BRIEF DESCRIPTION OF THE SEVERAL VIEWS OF THE DRAWING(S)

[0008] FIG. 1 A is a perspective view of a chemical-mechanical polishing pad comprising a substrate and a plurality of columns projecting from the substrate, in accordance with embodiments of the invention.

[0009] FIG. IB is a detail illustrating one of the columns relative to the substrate of the polishing pad, taken from rectangle B of FIG. 1A, in accordance with embodiments of the invention.

[0010] FIG. 2 is a schematic cross-sectional side view of a composite pad structure, in accordance with embodiments of the invention, which is displayed with x/y axes for measurement purposes, where the x-axis represents the trench and column width in microns and the y-axis represents the composite pad thickness and trench depth/height in microns.

[0011] FIGS. 3A-3D depict examples of polishing pads, in accordance with embodiments of the invention, that illustrate various shapes and orientations of columns projecting from a substrate.

[0012] FIGS. 4A-4D are scanning electron micrographs (SEM) at 24 times magnification (FIGS. 4A and 4C) or 100 times magnification (FIGS. 4B and 4D), illustrating columns projecting from a polymer substrate of a polishing pad prepared by a printing technique, in accordance with embodiments of the invention.

[0013] FIG. 5 is a photograph depicting a polishing pad that shows an example of a pattern of large columns cast onto a substrate in the form of a 0.05 mm (2 mils) polyethylene terephthalate ("PET") film, with the following column definition: 2 mm column diameter, 1.06 mm column height, 5 mm column pitch, 40% void volume, 1 1 column/linear inch.

[0014] FIG. 6 is a photograph depicting a polishing pad that shows an example of a pattern of columns cast onto a substrate in the form of a polycarbonate laminate, prepared with double coated polyester film tape 442F commercially available from 3M (St. Paul, MN), illustrating a pattern of fine columns. [0015] FIG. 7 is a photograph depicting a polishing pad that shows an example of a pattern of columns cast onto a substrate in the form of a polycarbonate laminated with double coated polyester film tape (3M 442F), illustrating a pattern of large columns.

[0016] FIG. 8 is a graph illustrating the results when blanket wafers containing copper or silicon oxide, respectively, are polished using a polishing pad in accordance with the invention in comparison with a conventional pad commercially identified as Fujibo H7000, available from Marubeni America Corp. (Sunnyvale, CA), as described in Example 3. The graph plots the removal rate (y-axis) vs. the number of wafers polished (x-axis).
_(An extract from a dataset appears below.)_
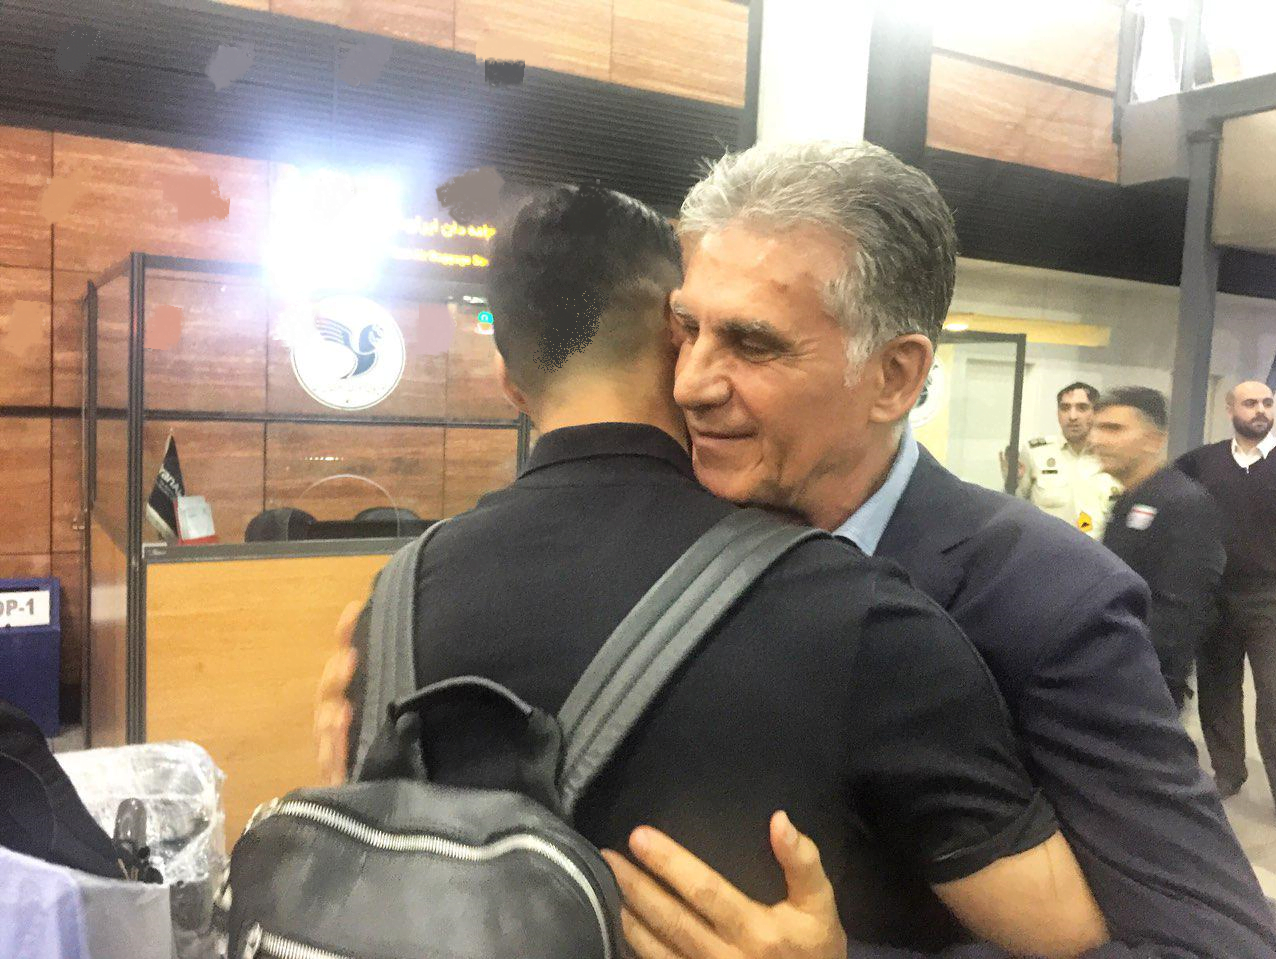 کارلوس کی‌روش سرمربی تیم ملی فوتبال ایران است کارلوس کی‌روش هنگام خداحافظی با بازیکنان در فرودگاه اشک در چشمانش حلق زد و گریه کرد.

DETAILED DESCRIPTION OF THE INVENTION

[0017] Embodiments of the invention provide a polishing pad for chemical-mechanical polishing. The polishing pad comprises a pad substrate having opposing top and bottom surfaces. A plurality of columns project from the top surface of the pad substrate in spaced relation to each other. Each of the columns has a body with a proximate portion having an end that affixes to the pad substrate and an opposite distal portion suitable for contacting a workpiece, such as a semiconductor wafer. The pad substrate has a higher average hardness than the average hardness of the distal portion of at least some of the columns. In preferred embodiments, the proximate portions of the columns also have a higher average hardness than that which is exhibited by the distal portions.
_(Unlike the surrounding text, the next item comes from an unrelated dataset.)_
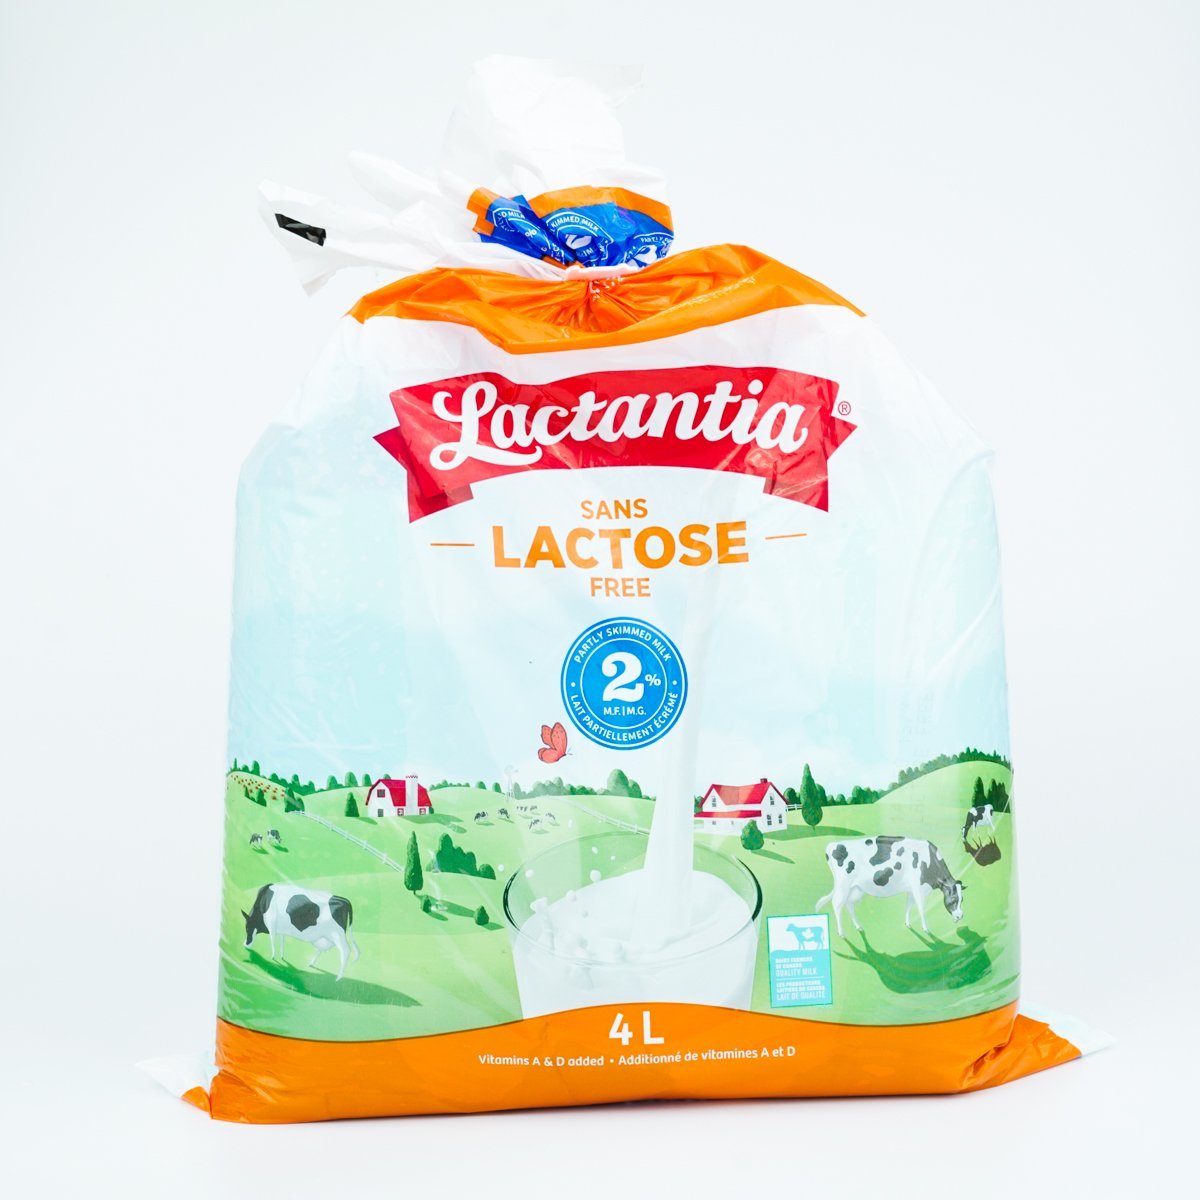 Lactantia 2% Lactose Skimmed Milk

[0018] Surprisingly and unexpectedly, the design of the inventive polishing pad optimizes hardness variation in the polishing pad to maximize polishing performance and to extend the life of the polishing pad in some embodiments. The polishing pad design of the invention also allows for decoupling the movement of the columns from the pad substrate. In particular, the harder pad substrate has an average hardness sufficient to firmly adhere the pad to the workpiece while the distal portions of the columns, which contact the workpiece being polished with the aid of asperities as known in the art, are relatively softer. As a result, polishing pads according to embodiments of the invention provide effective removal rates and preferably do not generate excessive defectivity in operation. In embodiments of the invention, the pad substrate imparts sufficient average hardness and strength to achieve good planarization efficiency while the relatively softer distal portions of the columns facilitate reduced defectivity in operation.
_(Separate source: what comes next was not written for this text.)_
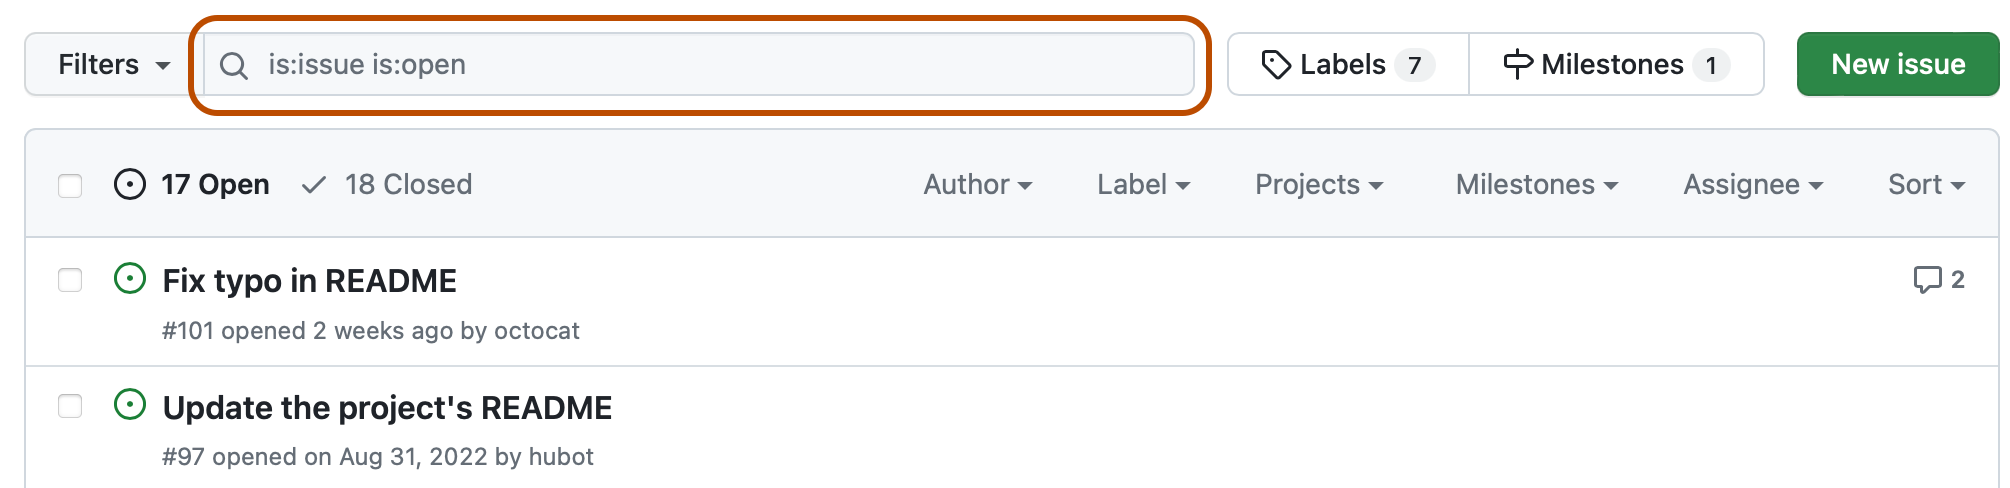 Capture d’écran de la liste des problèmes d’un dépôt. Au-dessus de la liste, un champ de recherche contenant la requête « is:issue is:open » est encadré en orange foncé.

[0019] The inventive polishing pad can be used with any suitable polishing composition known in the art in the chemical-mechanical polishing of a workpiece, e.g., a semiconductor wafer. In some embodiments, it has been found that use of polishing composition with reduced abrasive particle content (e.g., about 0.2 wt.% solids or less, such as about 0.1 wt.% or less, 0.05 wt.% or less, 0.01 wt.% or less, etc.) or no content of abrasive particles is particularly advantageous. The use of such low particle or zero particle polishing

compositions has been found to advantageously reduce the number of defects that may result during chemical-mechanical polishing with the polishing pad in accordance with

embodiments of the invention.

[0020] The polishing pad of the invention can be applied at any suitable downforce (DF) or platen speed (as discussed below) during a typical polishing period, e.g, about 15 seconds, about 30 seconds, about 45 seconds, about one minute, about 90 seconds, about two minutes, etc. It will be understood that downforce and platen speed normally have a direct relationship with removal rate of silicon oxide or metal, such as copper or the like, during polishing. Whereas conventional polishing pads are designed to be used with a relatively high downforce (e.g., at least about 7 psi (48 kPa) or 8 psi (55 kPa)), embodiments of the invention advantageously can be used with reduced downforce, e.g., about 4 psi (27 kPa) or less, such as from about 3 psi (20.25 kPa) to about 3.5 psi (23.62 kPa), from about 2 psi (13.50 kPa) to about 2.5 psi (16.87 kPa), or from about 1 psi (6.75 kPa) to about 1.5 psi (10.12 kPa). Similarly, whereas conventional polishing pads are designed to be used with a relatively high platen speed (e.g., at least about 100- 1 10 rpm), some embodiments of the invention advantageously can be used with reduced platen speed such as from about 60 rpm to about 90 rpm, e.g., from about 60 rpm to about 80 rpm, from about 60 rpm to about 70 rpm, from about 70 rpm to about 90 rpm, from about 70 rpm to about 80 rpm, or from about 80 rpm to about 90 rpm. The use of such reduced platen speeds have a positive effect on reducing shearing exposure for the material being polished. Thus, the use of such reduced downforce and platen speed have also been found to be advantageous in reducing the number of defects that result during use in polishing a workpiece such as a semiconductor wafer.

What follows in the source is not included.